Que peut faire Apple d'une telle montagne de cash?

Que peut faire Apple d'une telle montagne de cash? - Andrew Burton - AFP

L'entreprise a indiqué lors de ses résultats trimestriels que ses liquidités avaient désormais atteint 256,8 milliards de dollars. Une montagne d'argent qui pourrait être rapatriée aux États-Unis avec la réforme fiscale du président Donald Trump.

C'est un compte en banque pour le moins bien fourni et qui ne cesse de grossir. Lors de l'annonce de ses résultats trimestriels, Apple a indiqué que ses liquidités avaient désormais dépassé les 250 milliards de dollars (256,8 milliards d'euros), soit 10 milliards de plus qu'au trimestre précédent.

Avec cette montagne de cash, le groupe à la pomme pourrait verser 2.200 dollars à chaque ménage américain. Ou acheter les deux entreprises les plus chères du CAC 40 (Total et Sanofi).

La réforme de Trump

Ce véritable trésor de guerre reste pour plus de 90% stocké à l'étranger. En effet, Apple ne souhaite pas rapatrier ces liquidités car le groupe américain devrait alors payer 35% d'impôts, ce qui ponctionnerait une grande partie de cette montagne de cash. Ce qui pourrait toutefois changer. Donald Trump a en effet promis, avec sa grande réforme fiscale, d'autoriser les entreprises à rapatrier l'argent détenu à l'étranger à un taux réduit à 10%. Mais cette réforme doit encore passer sous les fourches caudines du Congrès américain.

Reste que les analystes se posent la question de savoir ce qu'Apple pourrait faire de cet argent.

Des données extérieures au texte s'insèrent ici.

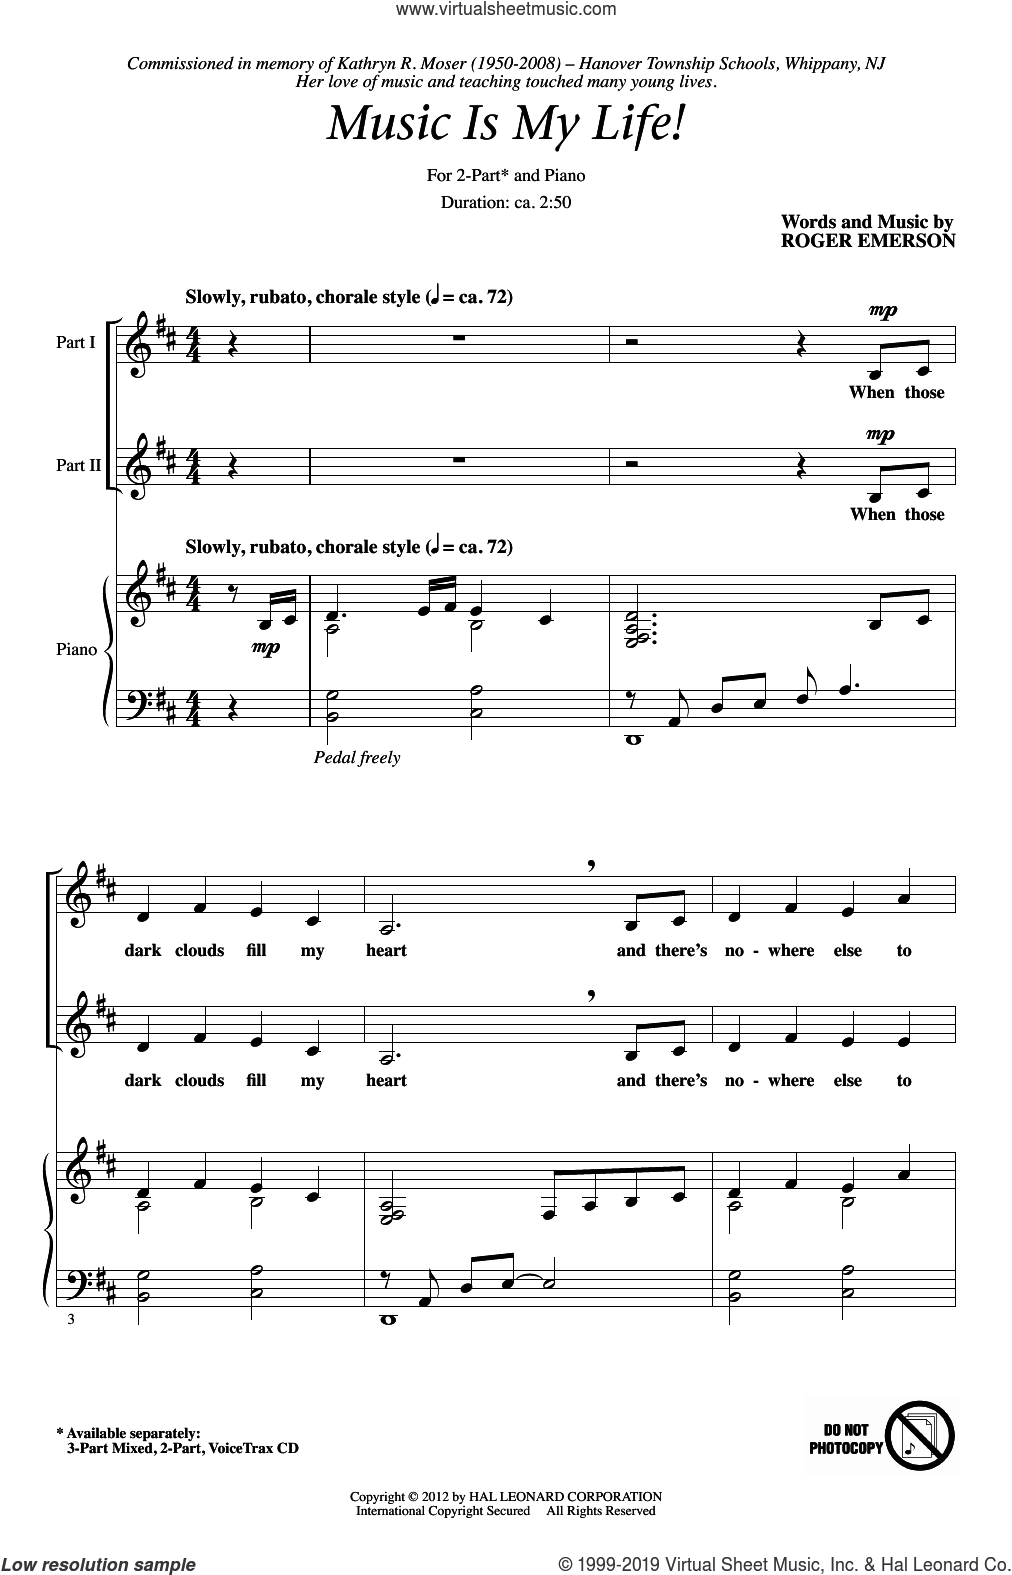 Music Is My Life! sheet music for choir (2-Part) by Roger Emerson, intermediate duet

Un moyen de l'utiliser serait d'en faire profiter les actionnaires. Apple a annoncé mardi qu'il consacrerait plus de 300 milliards de dollars à son programme de rachat d'actions d'ici mars 2019. Cela permet de faire monter le cours en Bourse et aux actionnaires d'engranger de confortables plus-values. Apple verse déjà 12 milliards de dollars par an à ses actionnaires sous forme de dividendes, se plaçant au premier rang mondial pour ce type de récompense.

Lorgner Spotify ou Tesla

"La plupart des entreprises seraient ravies d'avoir un tel problème sur les bras mais structurellement cela pose un peu un problème car les investisseurs veulent être les premiers à en profiter", souligne Patrick Moorhead de Moor Insights & Strategy. Or récompenser les actionnaires n'est pas toujours dans l'intérêt stratégique à long terme des entreprises, en les privant des moyens nécessaires pour innover ou se développer.

Une des solutions serait d'acquérir un fabricant de microprocesseurs afin de "verticaliser" la production des smartphones et autres tablettes, estime-t-il. Le service de vidéos en ligne Netflix pourrait aussi compléter l'offre d'Apple TV.

D'autres analystes évoquent le service de musique en ligne Spotify ou Tesla. "Mais le défi est alors d'intégrer une acquisition aussi grosse", souligne Bob O'Donnell de Technalysis Research, en soulignant que cela n'était pas dans la culture de l'entreprise développée par Steve Jobs, décédé en 2011.

Chute surprise des ventes d'iPhone

Si Apple a publié, au deuxième trimestre, un bénéfice en hausse de 4,9%, les ventes d'iPhone ont marqué le pas. À 50,76 millions d'unités elles ont baissé de 0,8% par rapport au deuxième trimestre 2016. Un chiffre qui a surpris les analystes qui s'attendaient à une hausse de 2% à 52,3 millions.